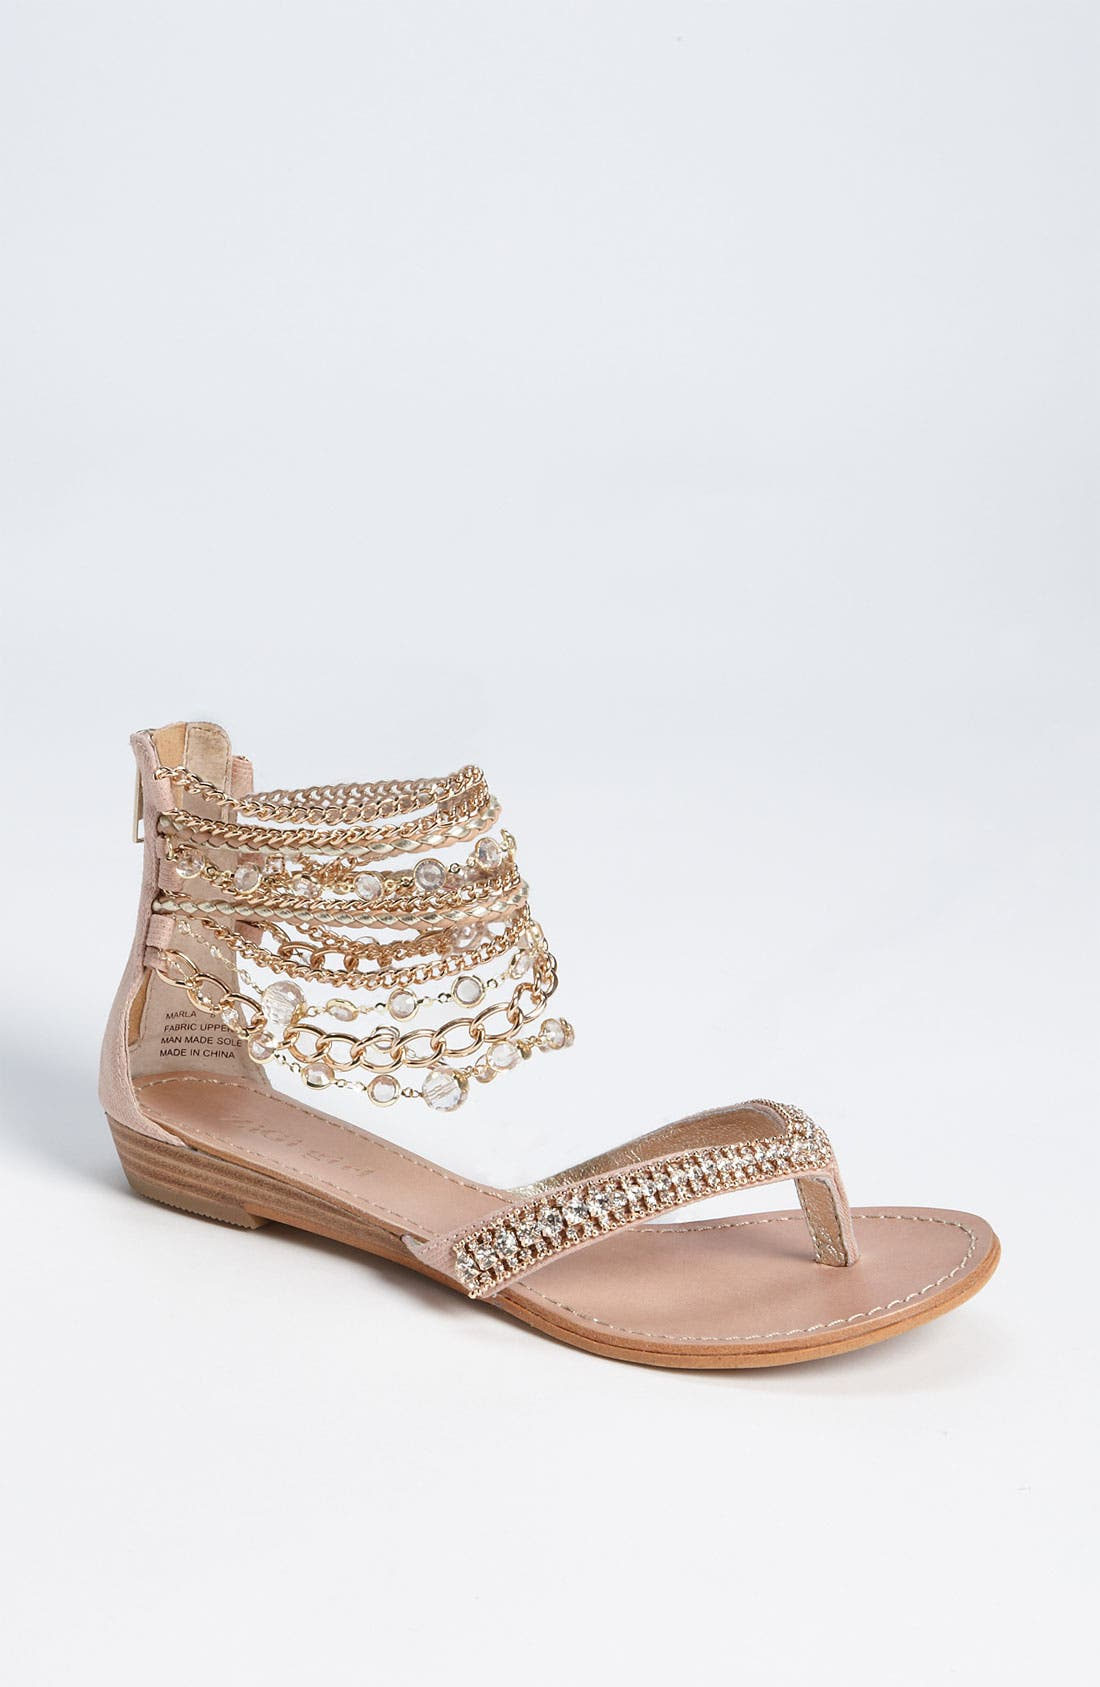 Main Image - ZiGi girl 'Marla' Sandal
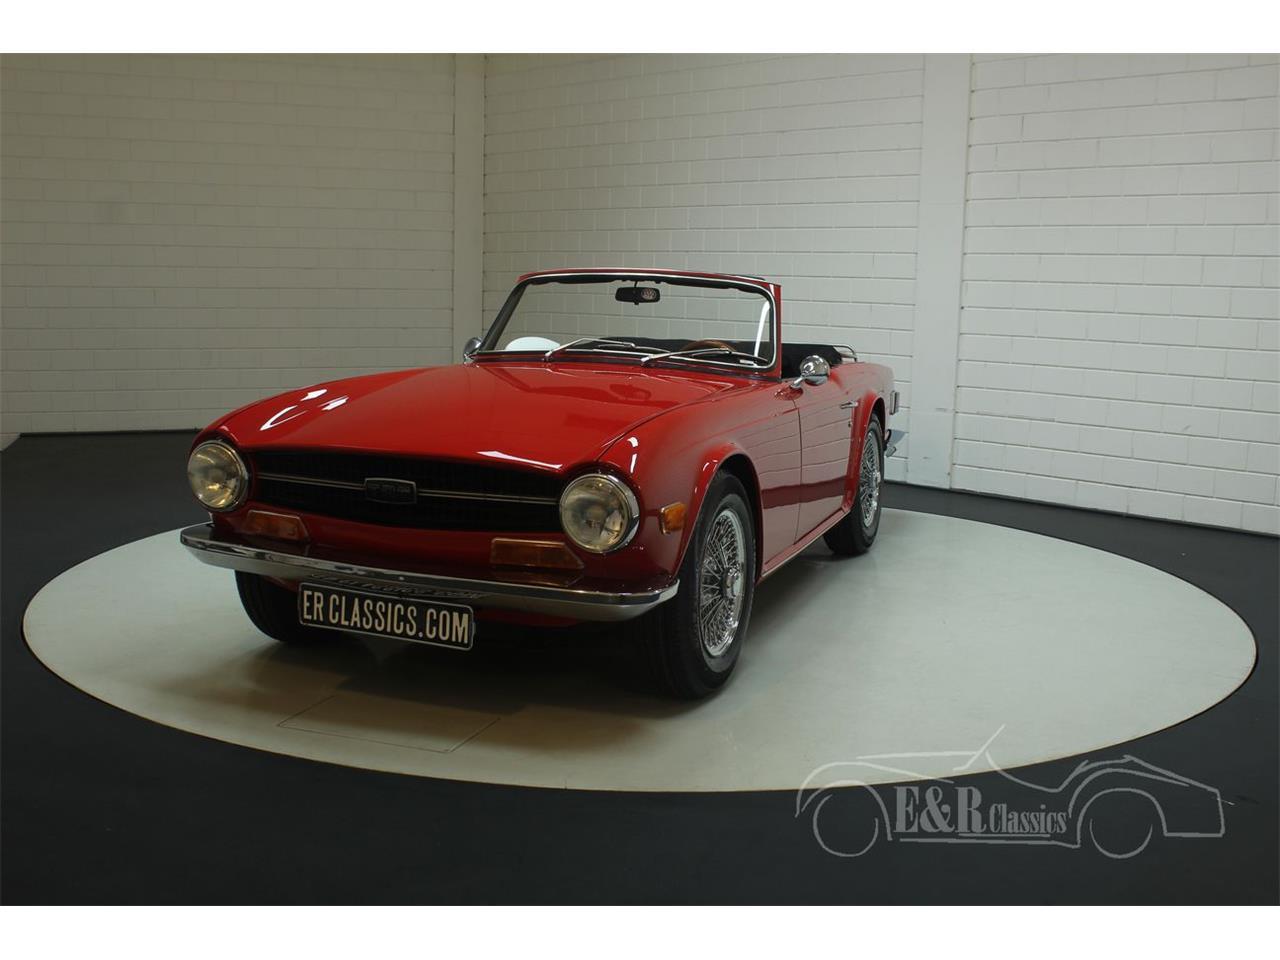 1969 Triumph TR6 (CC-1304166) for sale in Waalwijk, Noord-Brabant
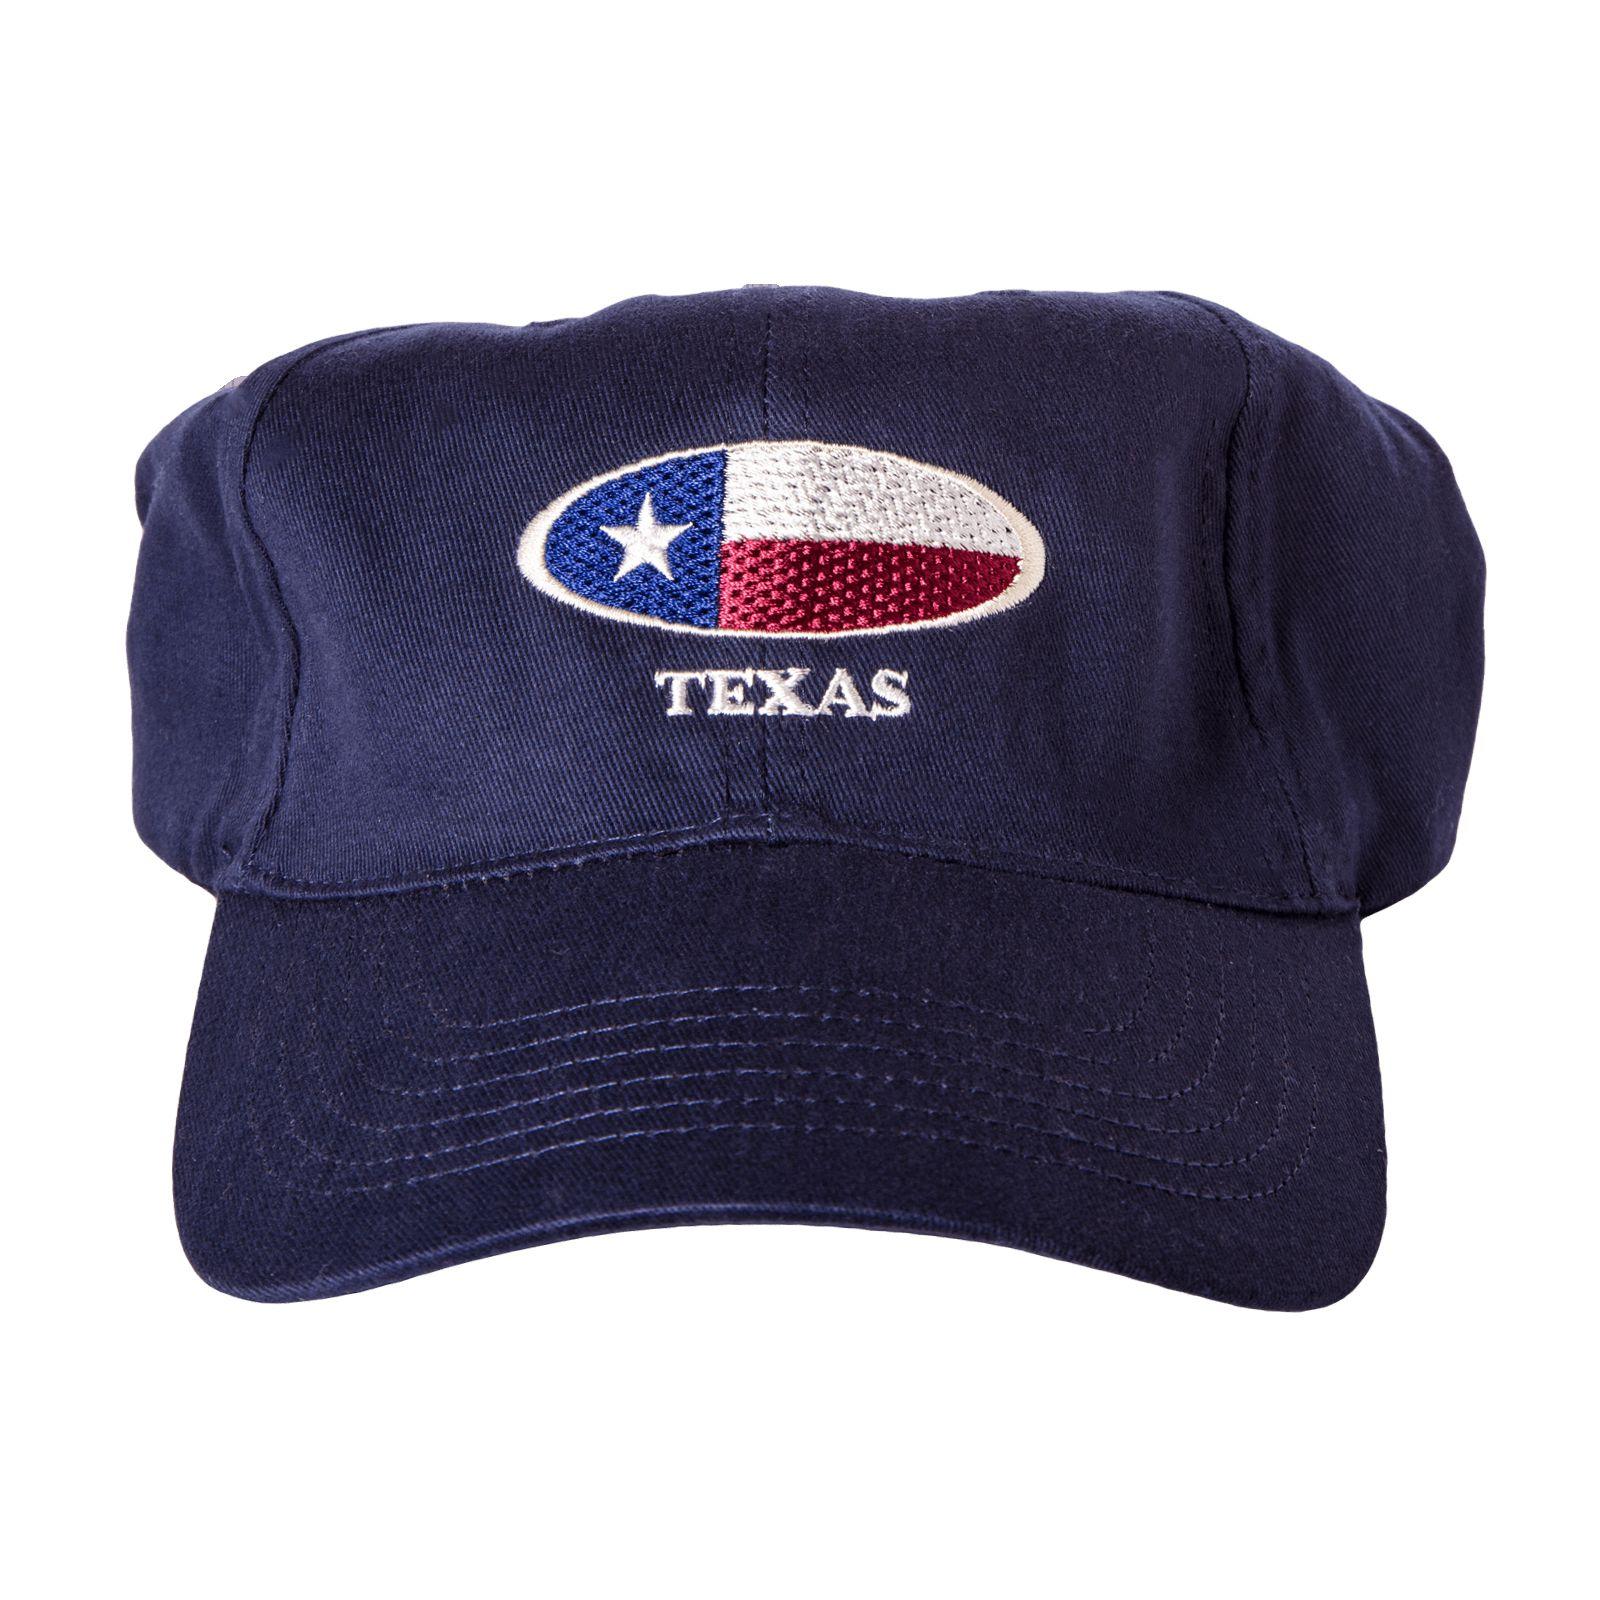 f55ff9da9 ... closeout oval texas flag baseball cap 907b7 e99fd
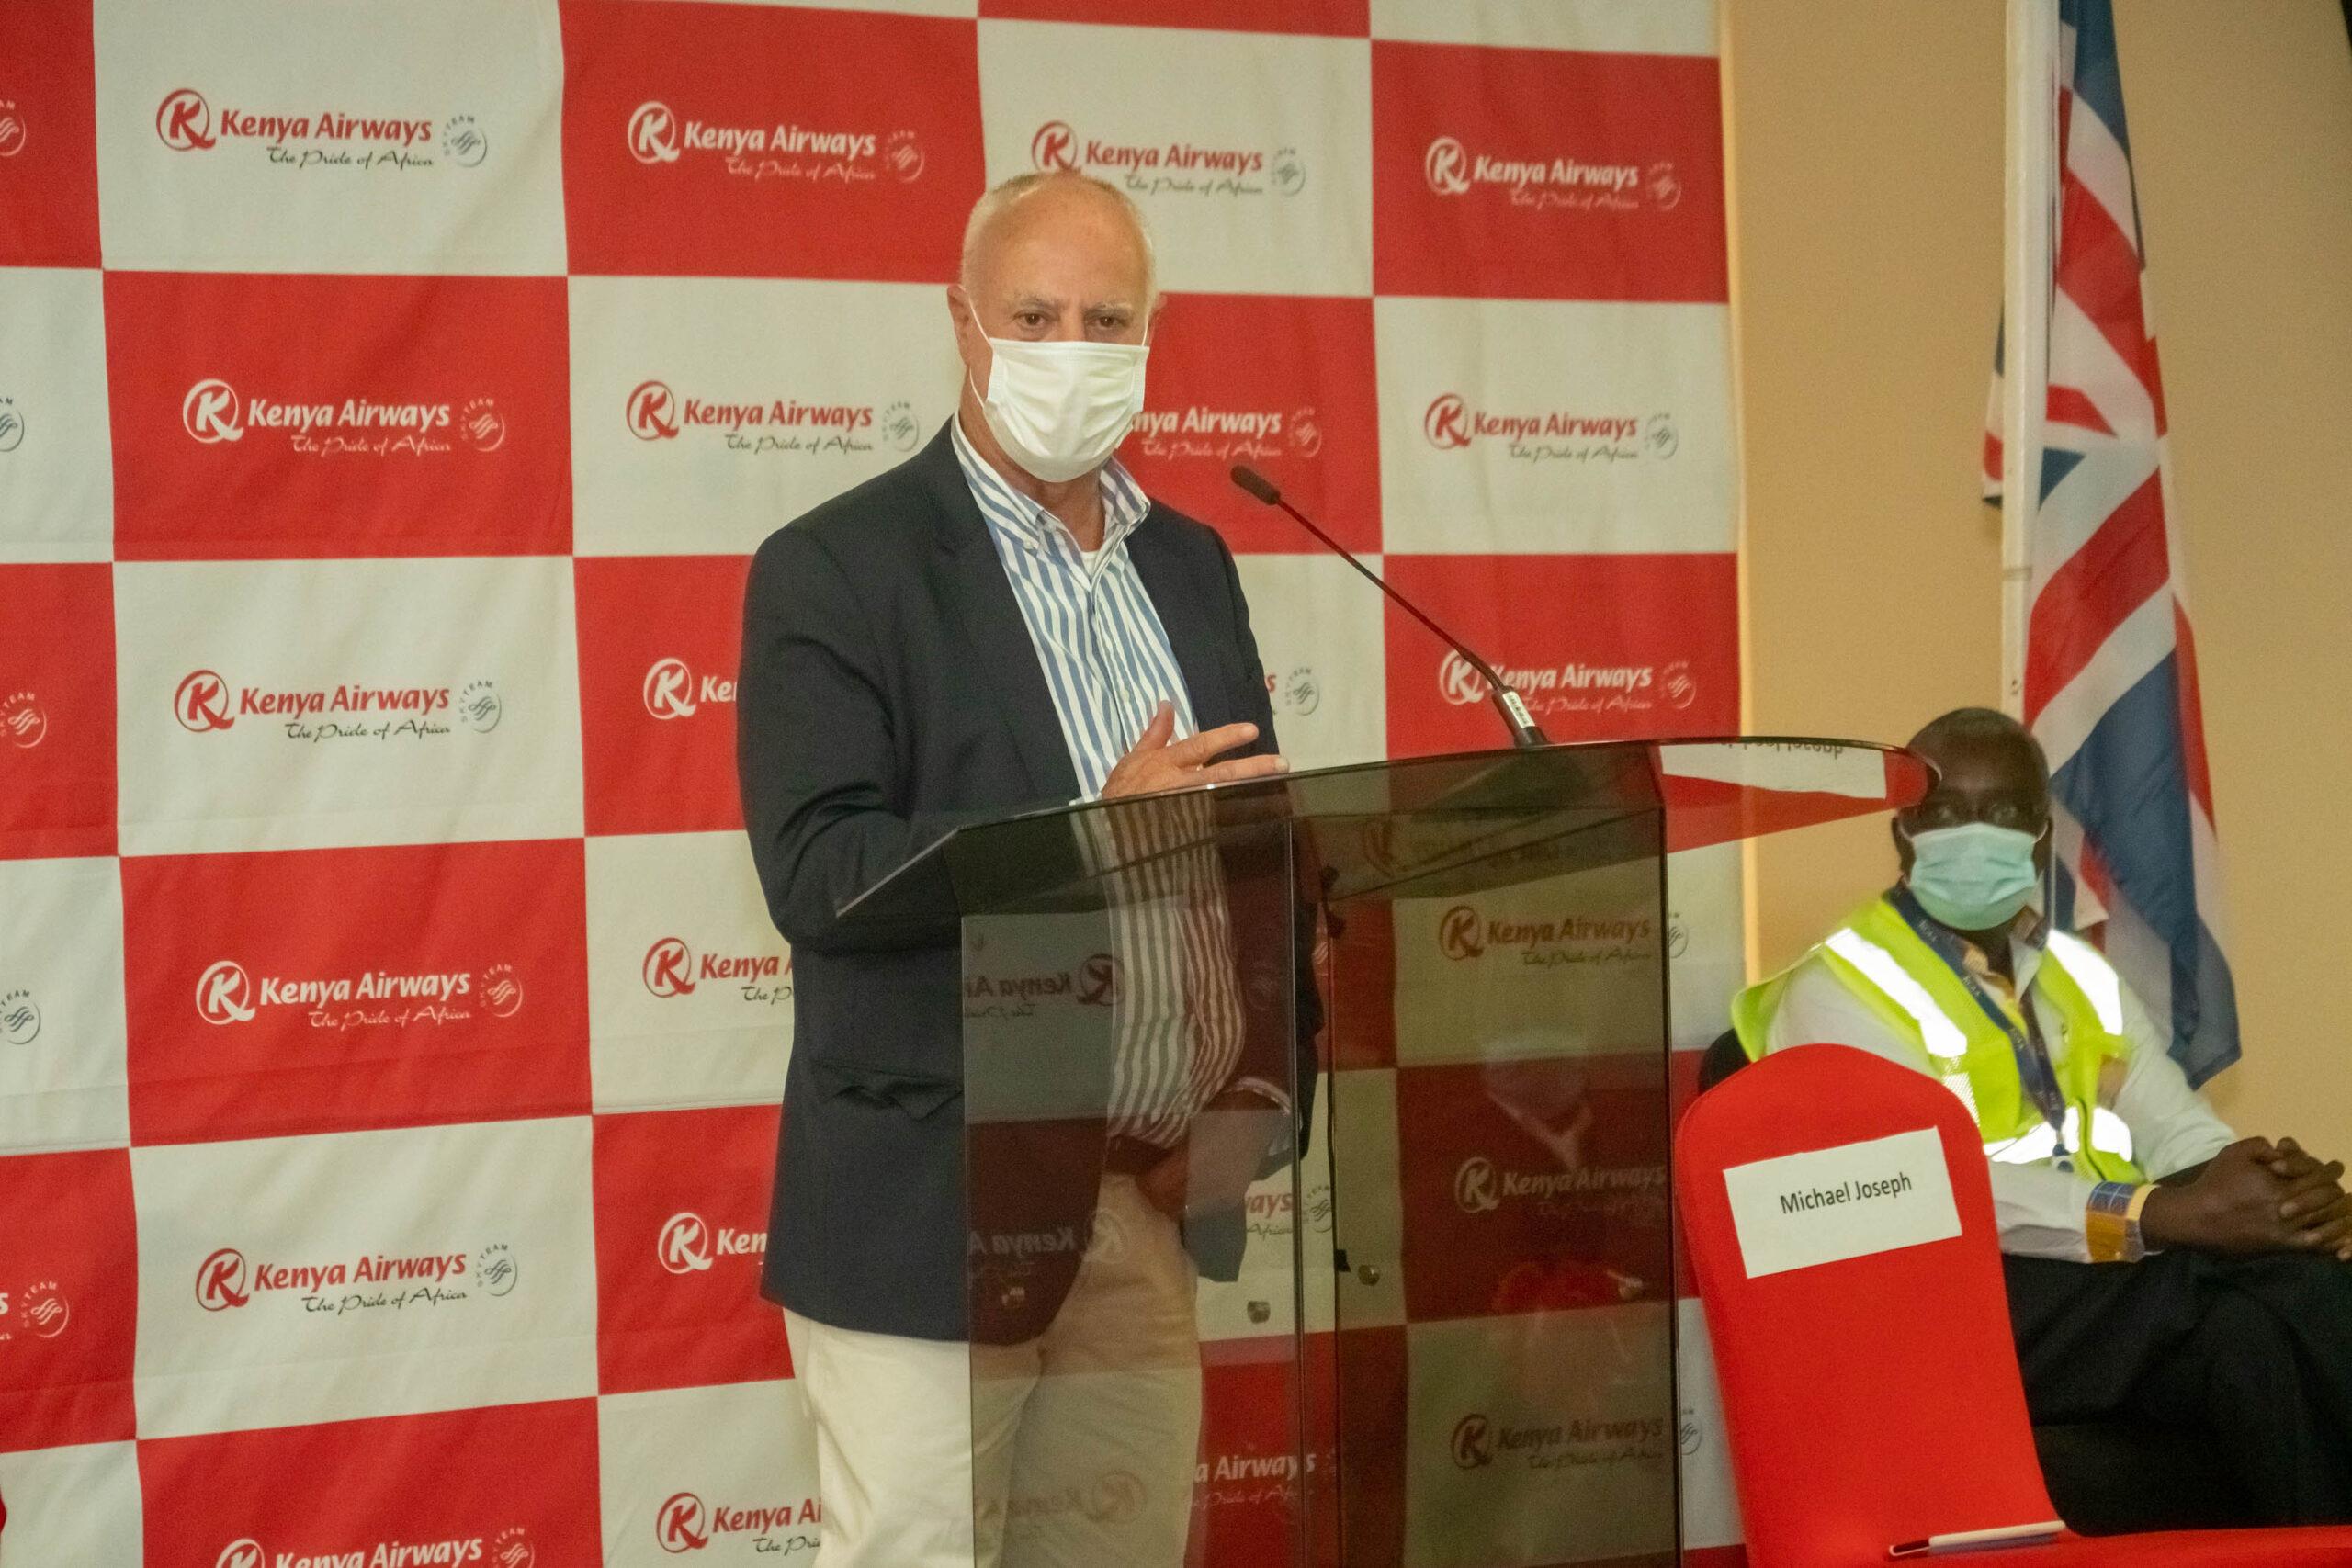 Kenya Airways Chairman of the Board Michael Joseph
+--
Exercise brief. Retype the whole listing. Keep every word exact but include no pictures.

Response to this exercise.
 Main Image - ZiGi girl 'Marla' Sandal
 1969 Triumph TR6 (CC-1304166) for sale in Waalwijk, Noord-Brabant
 f55ff9da9 ... closeout oval texas flag baseball cap 907b7 e99fd
 Kenya Airways Chairman of the Board Michael Joseph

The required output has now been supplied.